Attempts to de-select moderate MPs could ‘split’ Labour, warns former deputy leader 

A Labour grandee warned last night that the party faced an ‘incipient split’ after activists cleared the way for a purge of moderate MPs.

Lord Hattersley said ‘factional’ attempts to deselect moderate MPs would ‘destroy’ Labour unless Jeremy Corbyn intervened to stop them.

His warning came as the party’s annual conference in Liverpool voted to lower the threshold for local activists seeking to unseat their MP.

The move is likely to trigger a swathe of deselection attempts against moderate MPs. Lord Hattersley, who served as deputy leader in Labour’s wilderness years in the 1980s, said the party could not survive a factional war.

Lord Hattersley said attempts to deselect moderate MPs would ‘destroy’ Labour unless Jeremy Corbyn intervened to stop them

‘What is intolerable, and deeply disruptive, and will destroy the Labour Party, is if the idea of reselection is promoted – one faction trying to get rid of another,’ he told the BBC. ‘That is likely to cause the Labour Party irreparable damage. Certainly that is happening… if it catches on, the Labour Party is in severe trouble. We need the leader of the Labour Party to condemn it.’

Lord Hattersley, who stayed in the party when moderates split to form the SDP in the early 1980s, said: ‘I recognise an incipient split when I see one.

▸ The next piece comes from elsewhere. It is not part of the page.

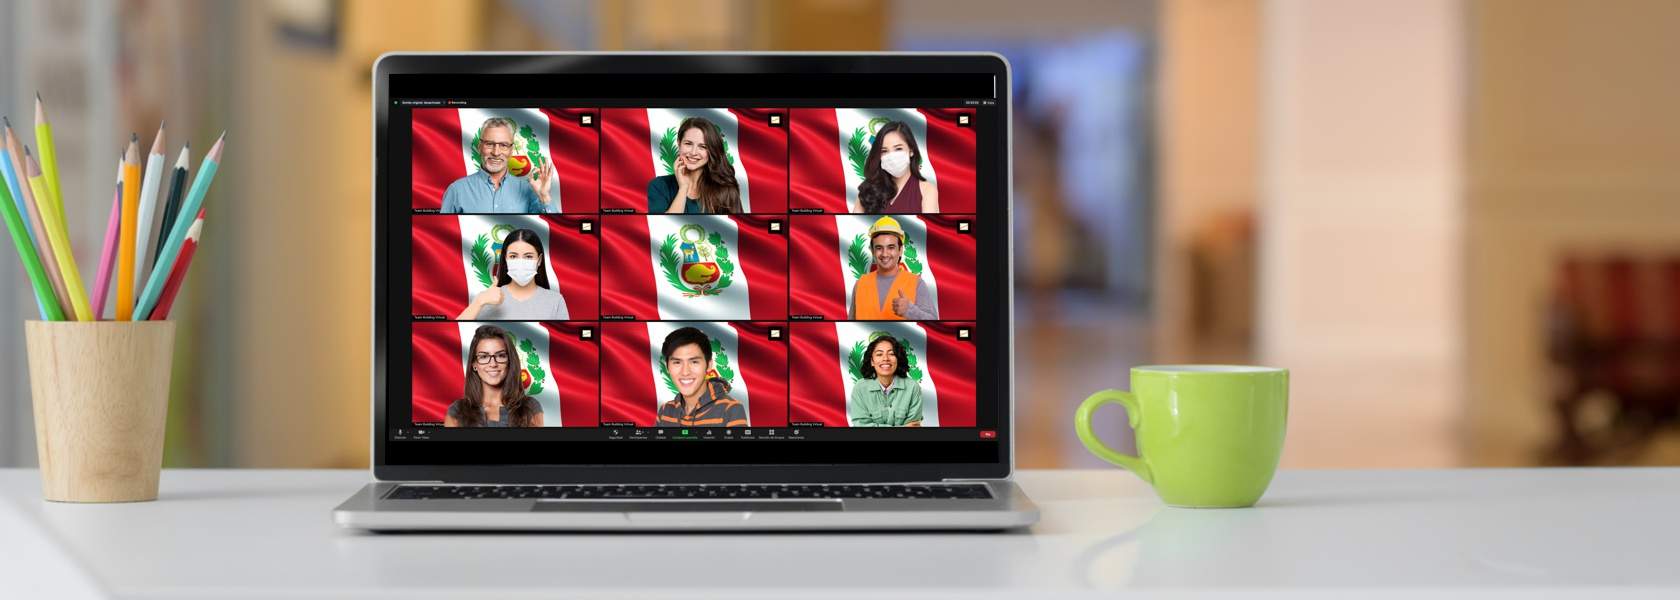 Perú Team Building, programas corporativos online y full-day para desarrollar las nuevas habilidades de tus equipos de trabajo remotos frente a los cambios
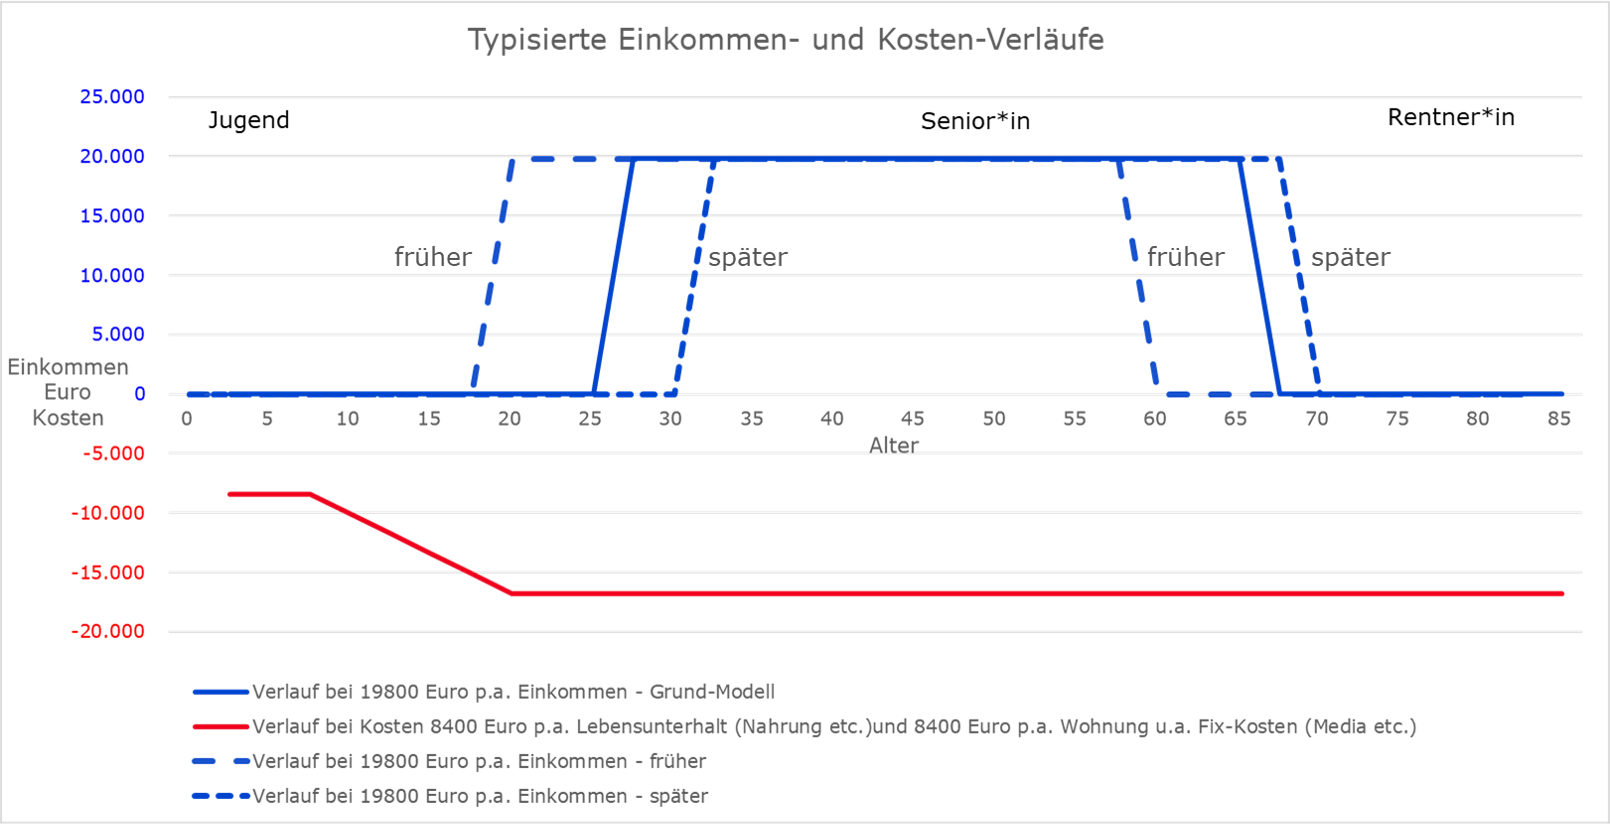 Abbildung: Verläufe von Einkommen (blaue Linien) im Zeitablauf bei früherem oder späterem Berufseinstieg (Illustration) <br>

All we need for a split is one or two longstanding, responsible, hard-working MPs to be kicked out by factionalism.’

Labour MPs currently face a so-called ‘trigger ballot’ before each general election, but have to fight other candidates only if a majority of local branches call for it. Under the new rule change, backed by the Labour leadership, only a third of local party branches will be needed.

Many activists at the conference wanted to go further and impose mandatory reselections.

Steve Arloff, from Bradford West Labour Party, said: ‘Many sitting MPs who have lost the respect and confidence of local parties cling on to their positions in Parliament with scant regard for the people who work their socks off to put them there. Hundreds of thousands of us members demand that things are done differently.’

Party deputy leader Tom Watson said mandatory reselection would be ‘very destabilising’.

‘We are potentially close to a general election, maybe any day,’ he said.

‘What we don’t want is MPs having to defend their positions in their local areas when they could be campaigning in Parliament.’